The Colonel and I both raised our eyebrows. Now Krom revealed herself by standing and pacing, just as if she were the Chief. It was a curious performance, because she was wearing her regulation uniform with white shirt and shoulder boards, blue pleated skirt that reached below the knee: the essence of subjugated womanhood in a man’s world. She compensated by putting her hands in her pockets as she paced. “This thing is more important than blind military obedience. It is the essence of the project: the gold ring. If Goldman and his people have got it right, Beijing might be prepared to overlook a little recreational killing. Any government would put up with a lot to have Superman on its side—especially if there is only one such in the world. Goldman is rushed because he needs to prove this very special quality of the Asset before a whole shitload of suspicion, innuendo, and negative publicity make the purchase impossible, even for China.”
Vikorn frowned at her. “What do you have in mind, exactly?”
Krom went to the window and looked out and spoke to it, exactly as if she were the Old Man himself; as if she had taken over already. “The product is fitted out with some high-tech circuitry that improves cognitive function by more than a hundred percent. This in itself is not revolutionary. All over the world similar experiments are being conducted in secret.

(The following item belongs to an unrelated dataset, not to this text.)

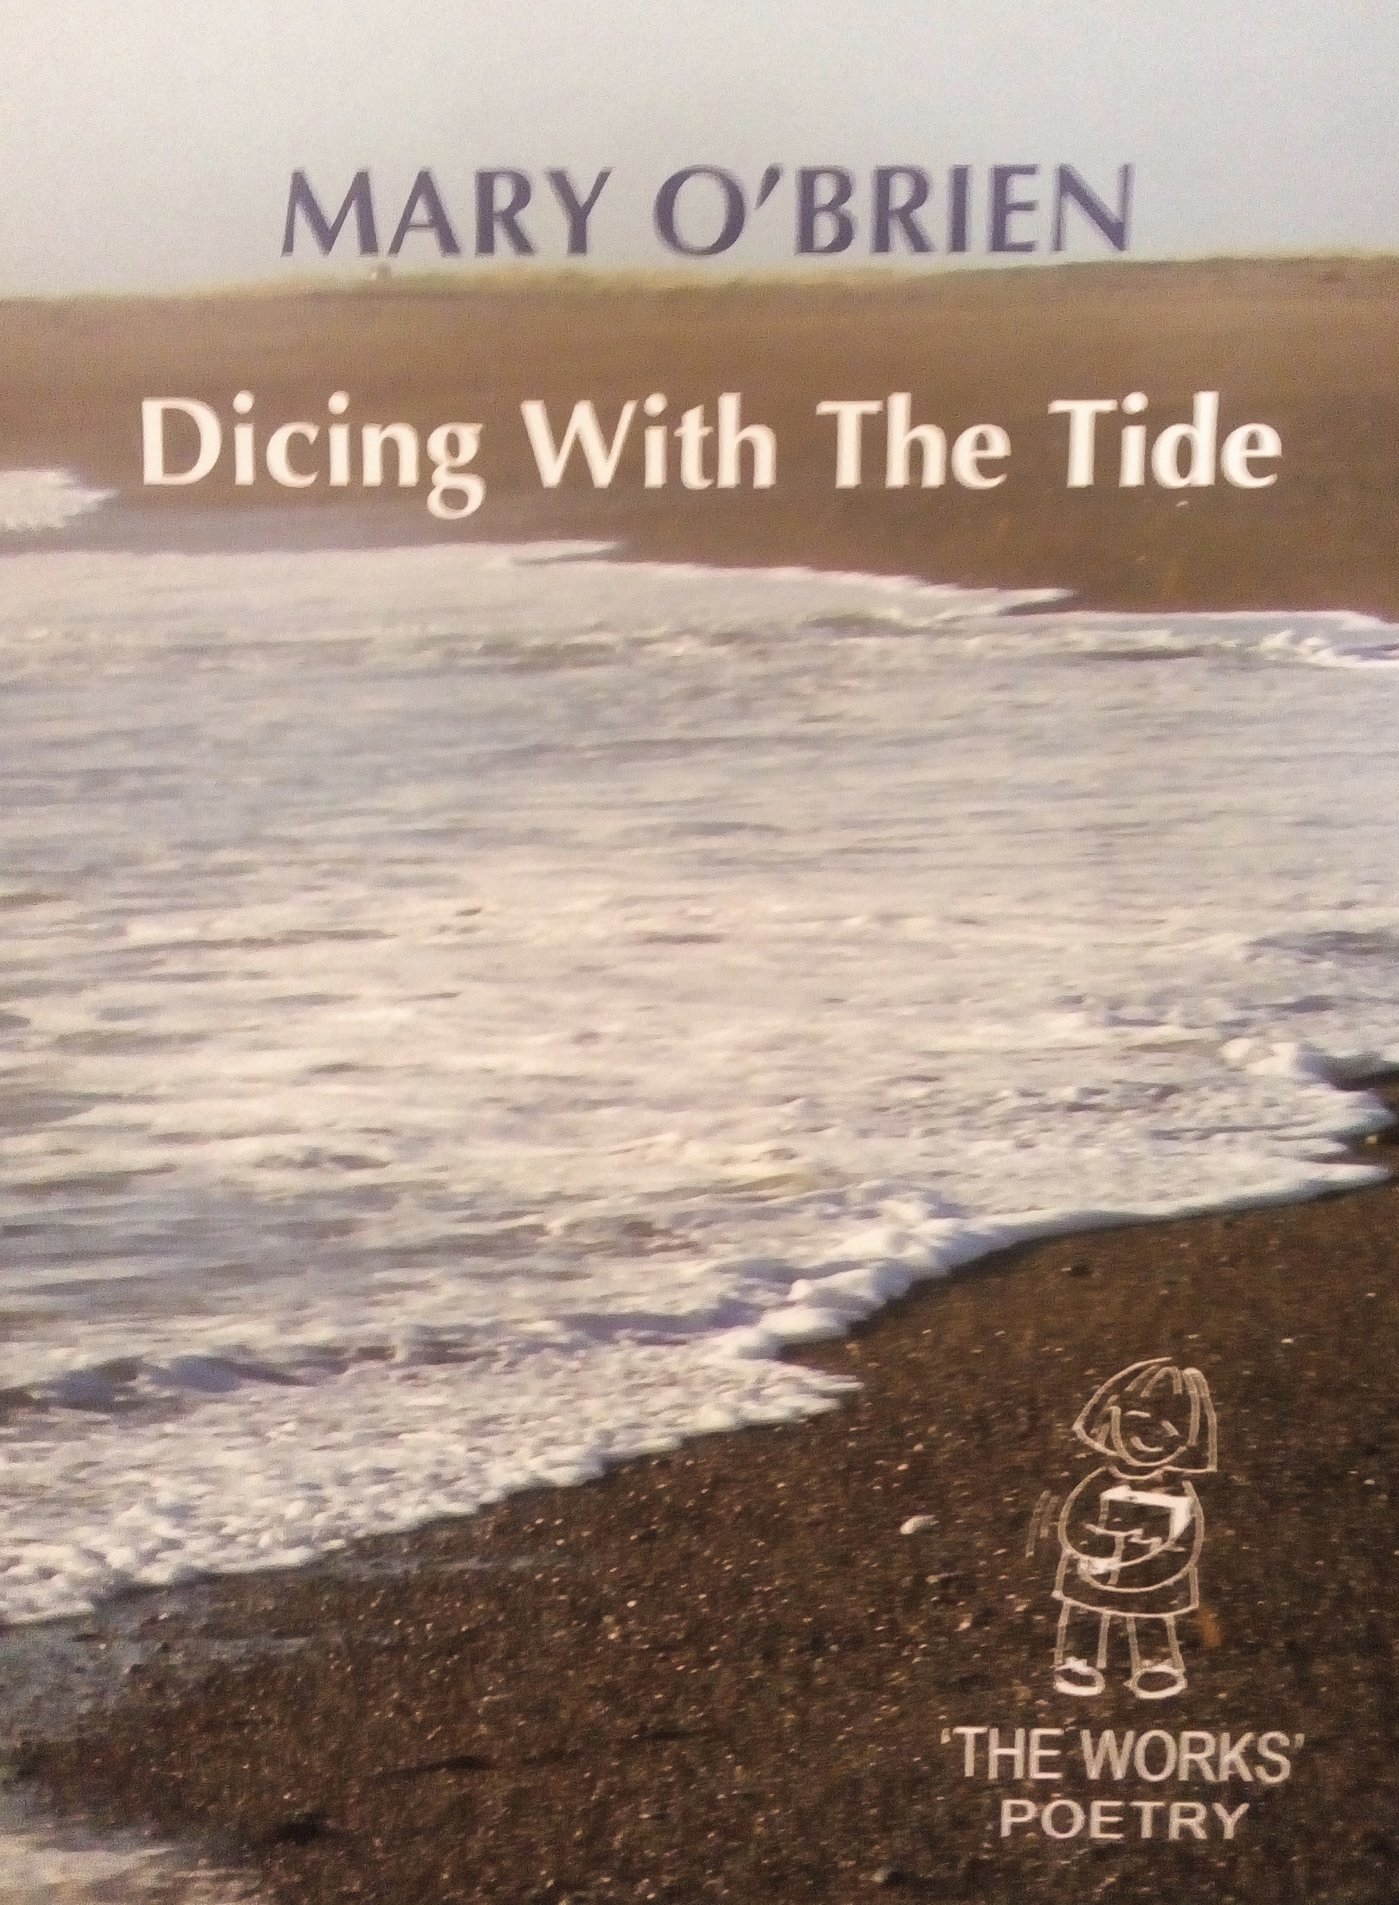 Dicing With the Tide by Mary O'Brien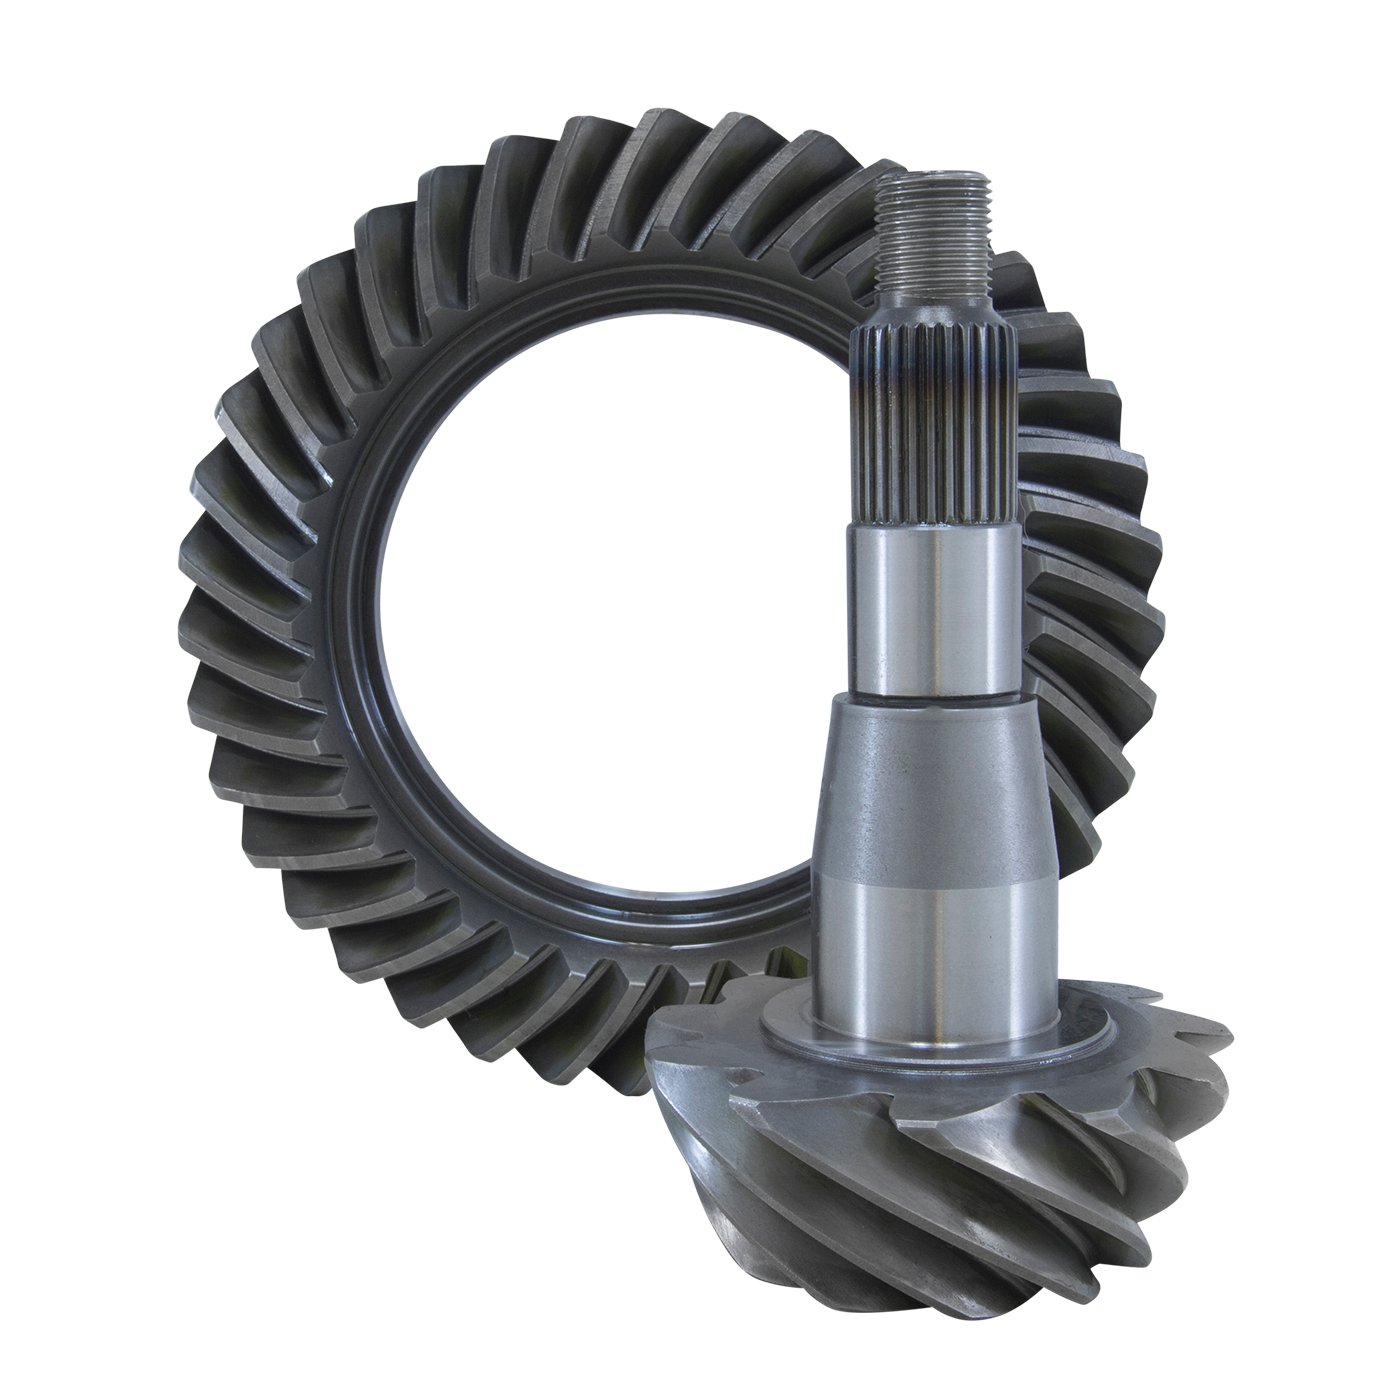 USA Standard 36419 Ring & Pinion Gear Set, For '11 & Up Chrysler 9.25 Zf, 3.21 Ratio

Goldman’s original and totally exotic approach is inspired by the British psychiatrist Christmas Bride. You see, the result of artificially introducing performance-enhancing circuitry directly into the brain has always been, without exception, crippling mental illness resulting in clinical depression, catatonia, and ultimately suicide. The problem is the personality itself—or, if you like, the psyche. That was the problem with MKUltra from the start.”